***** Recorded data *****

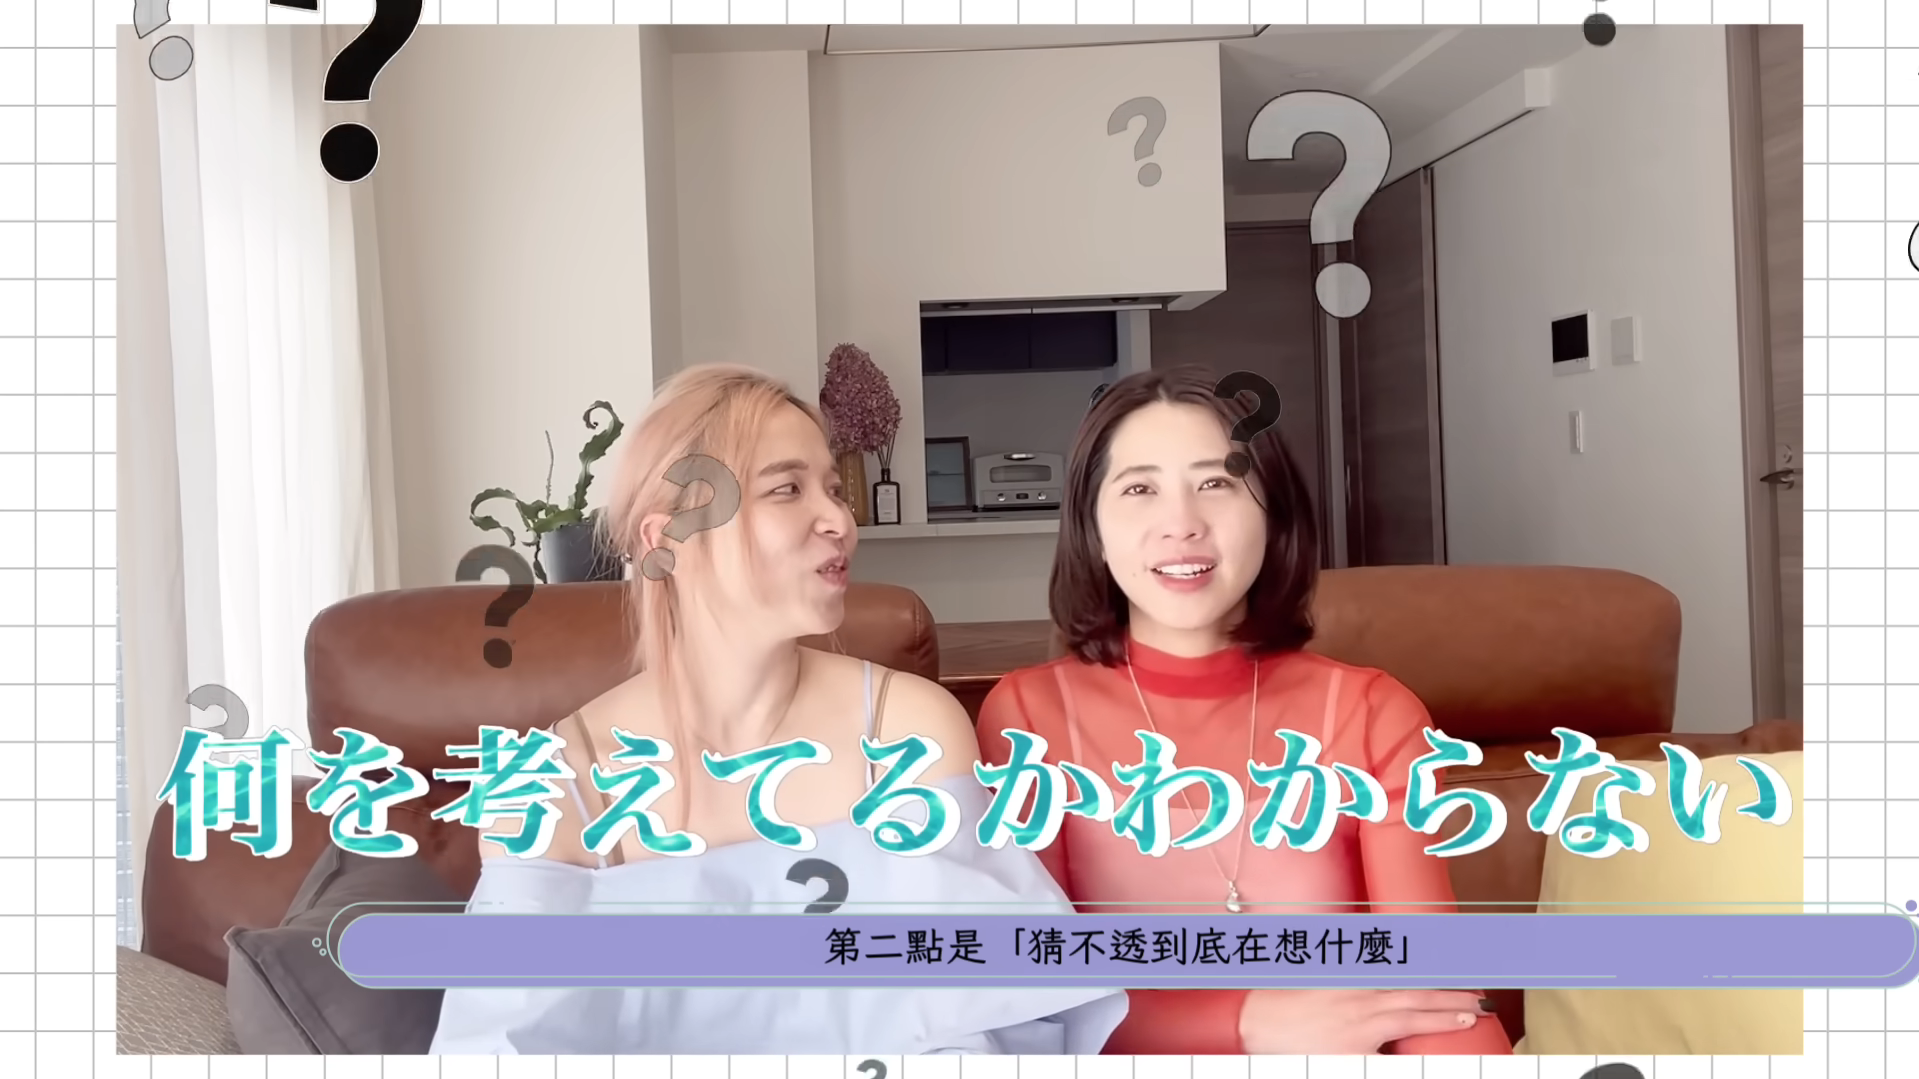 旅居YouTuber AMI與LEE 聊全世界都反感的日本人行為引共鳴
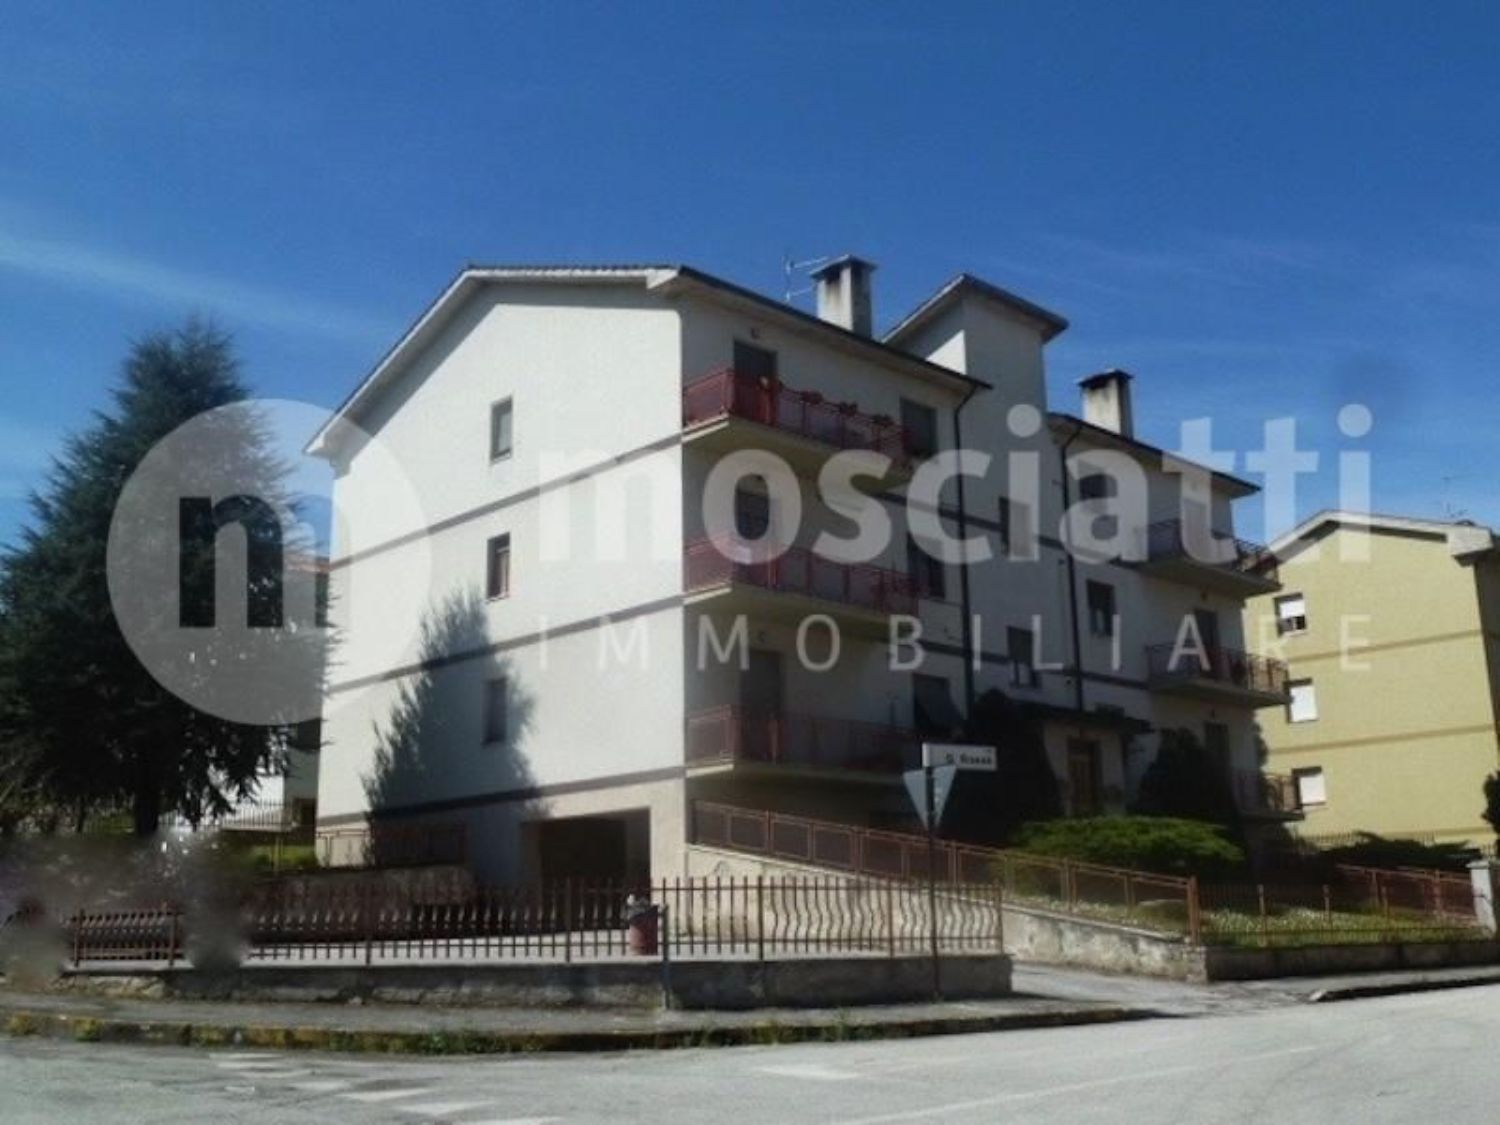 Appartamento in vendita a Esanatoglia, 5 locali, prezzo € 130.000 | PortaleAgenzieImmobiliari.it
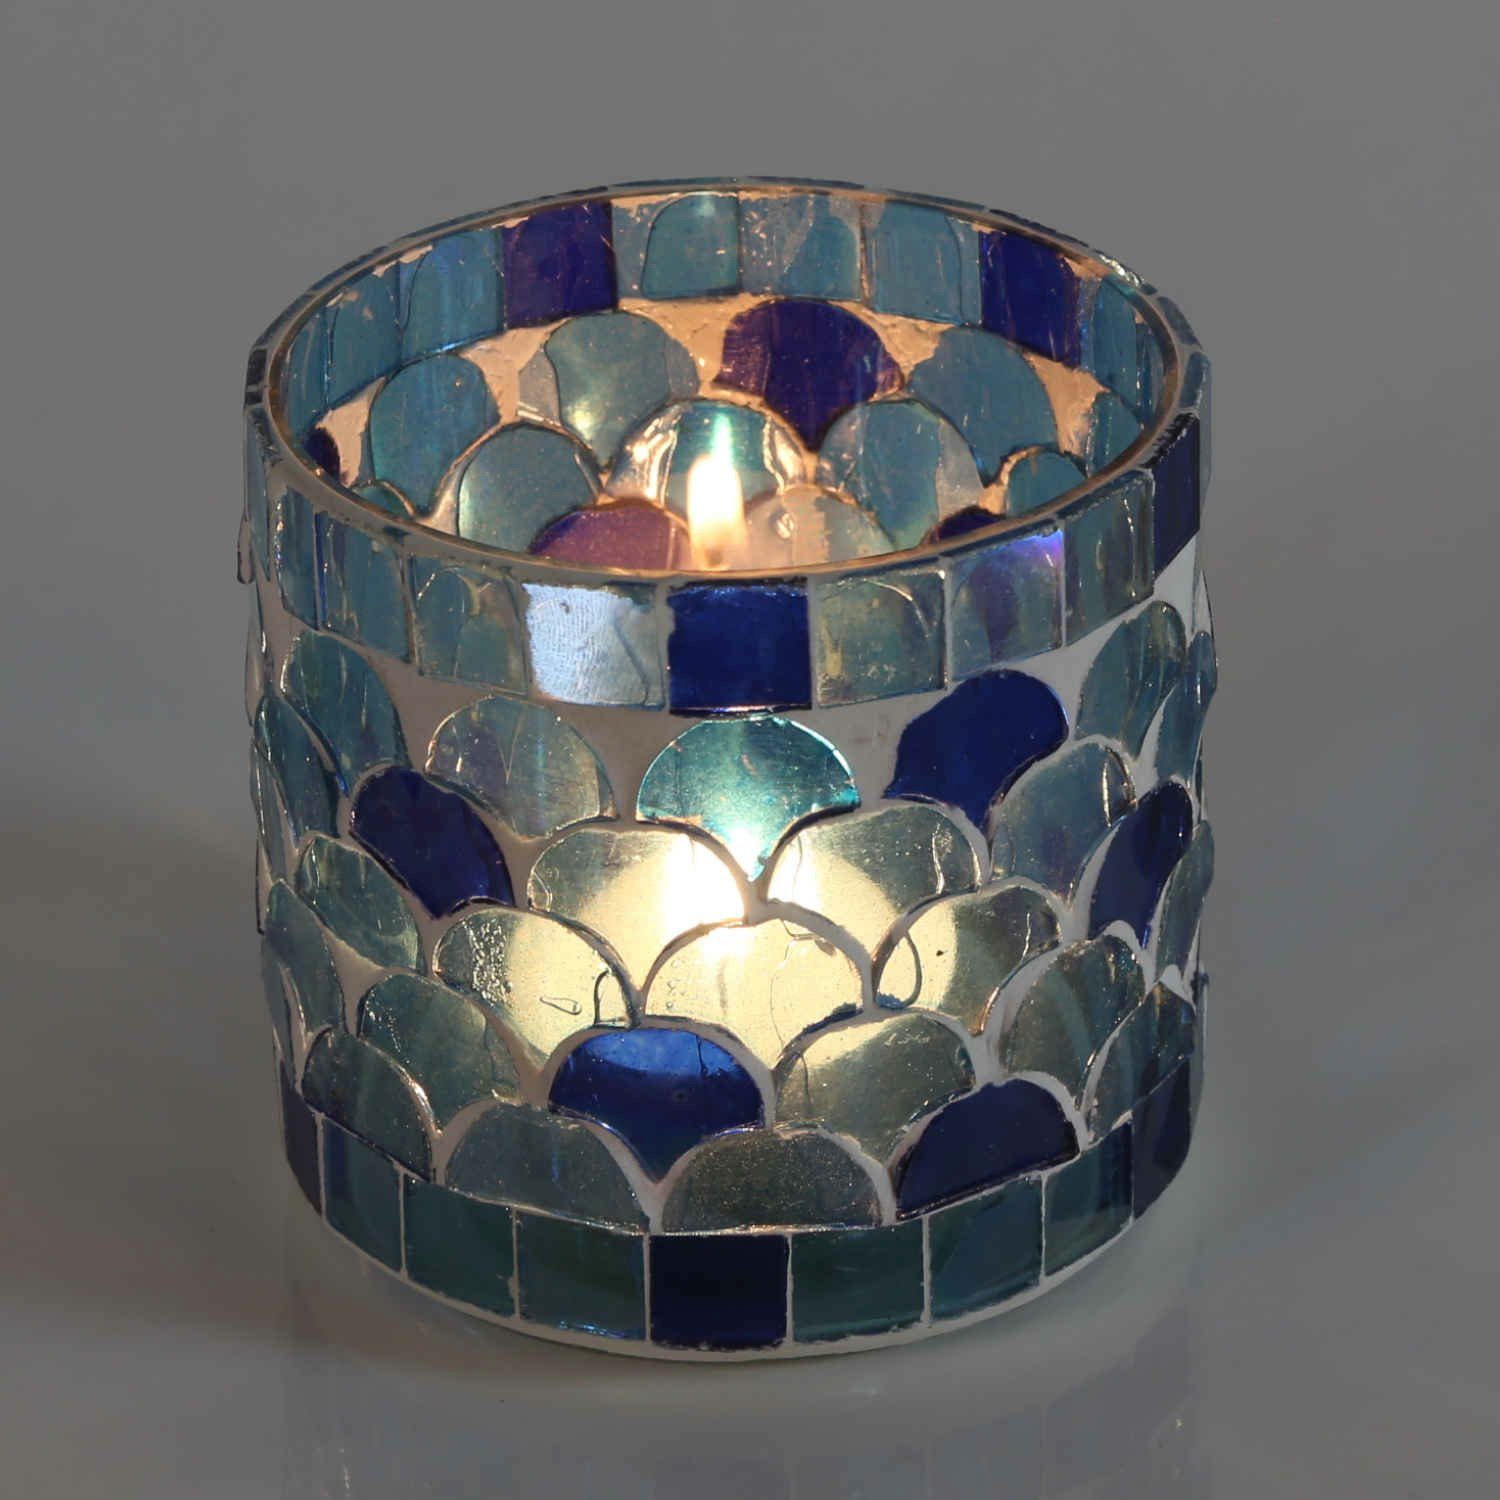 Casa Moro Windlicht Orientalisches Mosaik Kunsthandwerk für S Kerzenhalter, schöner Kerzenständer in oder Größen Teelichthalter bestellbar), Chic Athen M Windlicht (Boho Dunkelblau Glas Glaswindlicht den pur 2er als und handgefertigt Set wohnen einfach
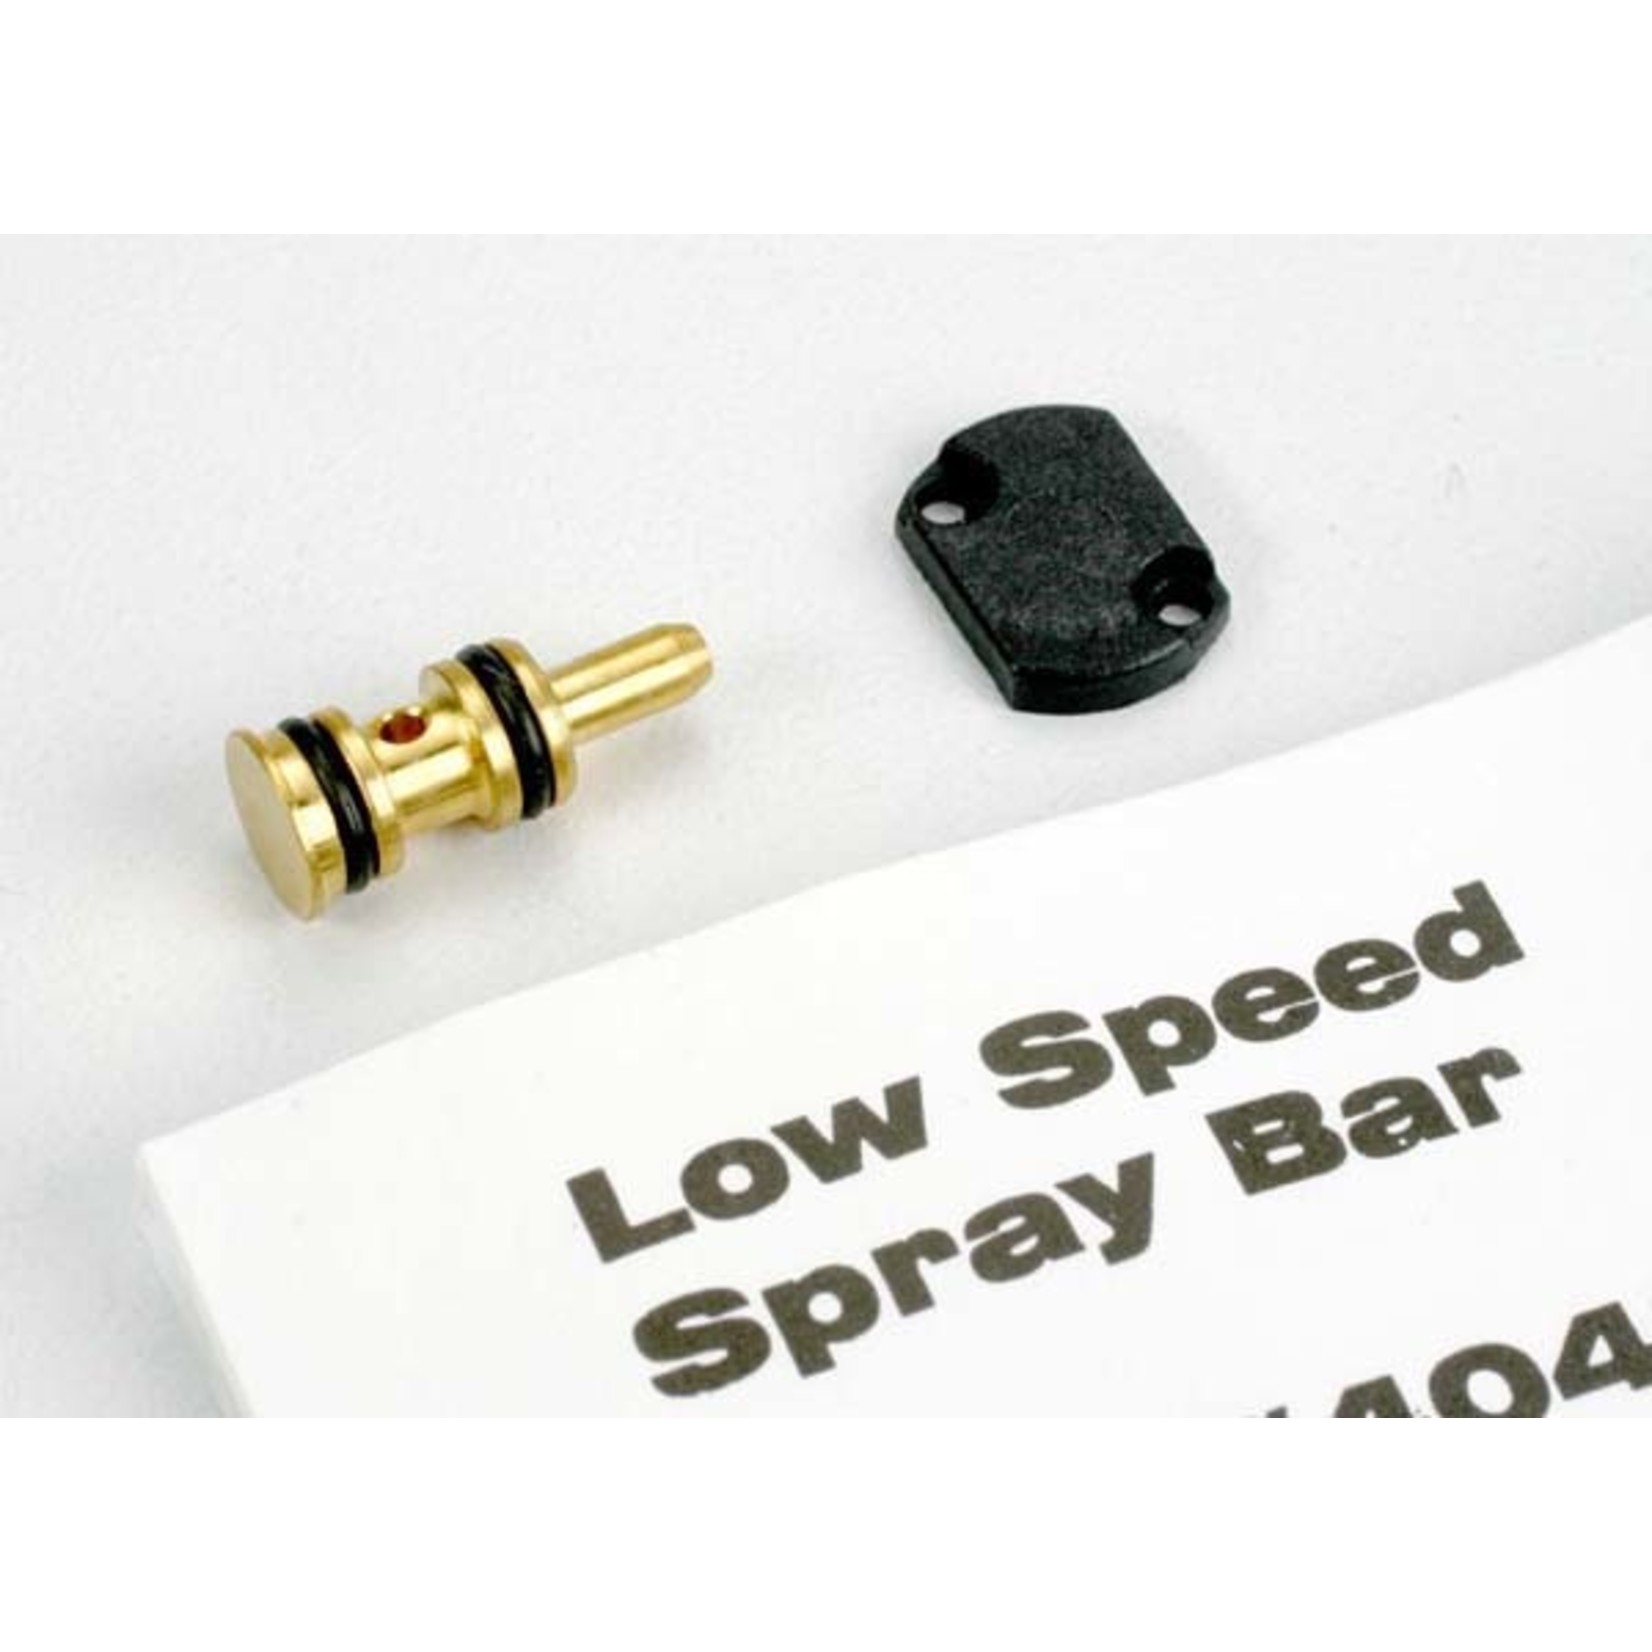 Traxxas 4048 - Low-speed spray bar

*****

> _Assignment_
What you produce should repeat the data word for word while omitting all images.

> _Your response_
 旅居YouTuber AMI與LEE 聊全世界都反感的日本人行為引共鳴
 Appartamento in vendita a Esanatoglia, 5 locali, prezzo € 130.000 | PortaleAgenzieImmobiliari.it
 Casa Moro Windlicht Orientalisches Mosaik Kunsthandwerk für S Kerzenhalter, schöner Kerzenständer in oder Größen Teelichthalter bestellbar), Chic Athen M Windlicht (Boho Dunkelblau Glas Glaswindlicht den pur 2er als und handgefertigt Set wohnen einfach
 Traxxas 4048 - Low-speed spray bar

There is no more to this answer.